LORD PROCTOR

I’m a designer from Oslo, with a background in visual design and UX. I have always been fascinated by people and the ways in which attitudes and behaviors are shaped. This curiosity has guided my academic journey and fueled my passion for design. My dream is to be able to use my interest and my skills to design solutions that make it easy to do good.


READING LIST



Days
Felles
Smart
Misc
Product
Identity
Research
Graphic




Politecnico di MilanoMA in UX Psychology


Bleed
Part
Westerdals
University of Bergen
Design intern
Design intern
BA in Graphic Design
BA in Psychology


Yes, Lord is my actual first name, assigned at birth. I know that you can purchase land in Scotland to gain the title of “Lord”. No, I did not do that. And yes, it would indeed be fun if I became “Lord Lord.”


CONTACT


+47 95 24 95 07
lordproctor@gmail.com
SOCIALS


Instagram
Digital social interactions
On designing for humans
What should we work on?
The digital garden
Fully bloomed


The digital garden

(Test Article. Layout and Structure Check. Written entirely by Chat-GPT)


A digital garden is more than just a collection of ideas—it's a living network of evolving thoughts, curated and connected over time. Unlike traditional blogs with their linear timelines, digital gardens offer a more organic and free-flowing way to explore knowledge, allowing creators to continually refine and expand on their musings.



Sowing Seeds of Thought: How a Digital Garden Grows


Picture a digital garden as an open-ended canvas of ideas, organized non-linearly and publicly accessible. Rather than locking information into a static format, this garden fosters ongoing exploration, where creators nurture fragments of thought, add new insights, and revisit old ideas. The concept values imperfection and process over polished finality, welcoming growth and change as central elements.

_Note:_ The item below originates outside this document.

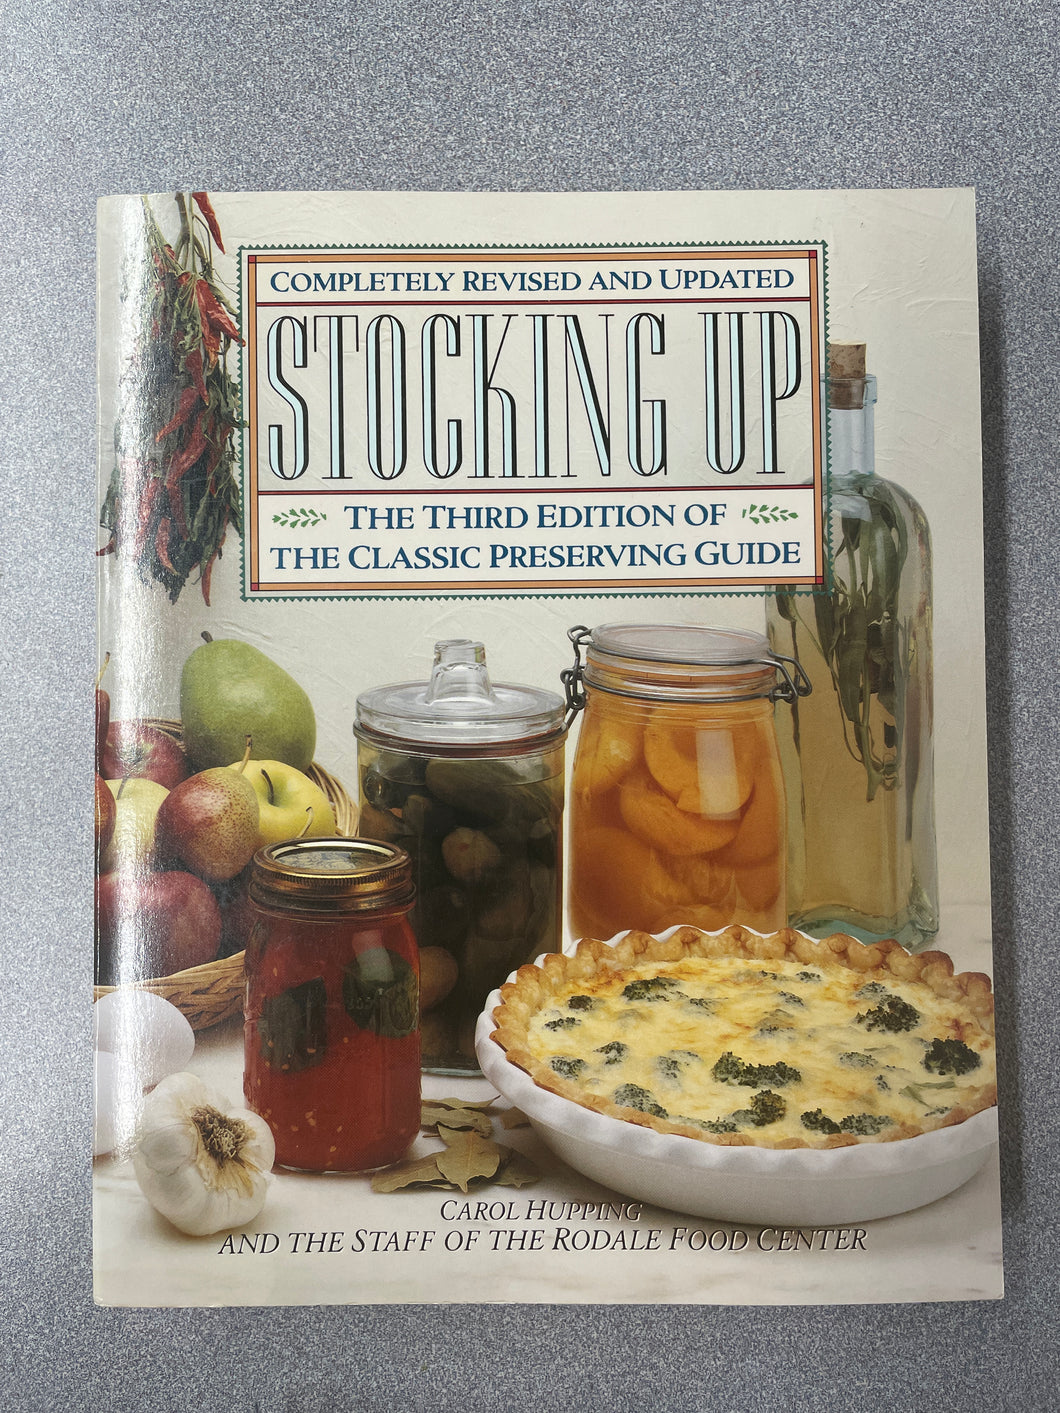 Stocking Up: The Third Edition of the Classic Preserving Guide, Completely Revised and Updated, Hupping, Carol [1990] CO 4/24

How Designers Can Harvest the Benefits


For digital designers, cultivating a digital garden offers a unique and flexible space for exploration and reflection. Here’s why:
  1. A Canvas for Inspiration
    Digital designers constantly collect new ideas from diverse sources, whether that be typography, UI/UX patterns, or visual storytelling techniques. A digital garden allows these scattered inspirations to be planted and grown in an organized way, ready for future development or iteration. Over time, this personal ecosystem of thoughts becomes a living reference library.
  2. Tracking Growth Through Changing Seasons
    As designers evolve, so do their ideas and approaches. A digital garden offers a way to track personal and professional growth, capturing the iterative process of design thinking. By revisiting earlier seeds of ideas, designers can witness the organic progression of their skills, documenting how their work matures with time.
  3. Fostering Cross-Pollination and Shared Growth
    Many digital gardens are made public, encouraging collaboration and knowledge-sharing. For digital designers working in teams or with clients, a shared digital garden can serve as a window into the evolving thought process behind designs. This openness nurtures better collaboration, as insights can be shared and connections made across various projects.
  4. Nurturing Serendipity in Creative Problem-Solving
    In a digital garden, ideas are often connected in unexpected ways. By linking different concepts, designers may stumble upon unexpected solutions or creative breakthroughs. These accidental discoveries foster innovation, creating fertile ground for problem-solving and exploration.



Tending to Your Creative Ecosystem


A digital garden is not just a repository of notes but an evolving, interconnected system of thought. For digital designers, it offers an innovative way to cultivate ideas, track development, and foster creativity in a dynamic, ever-changing environment.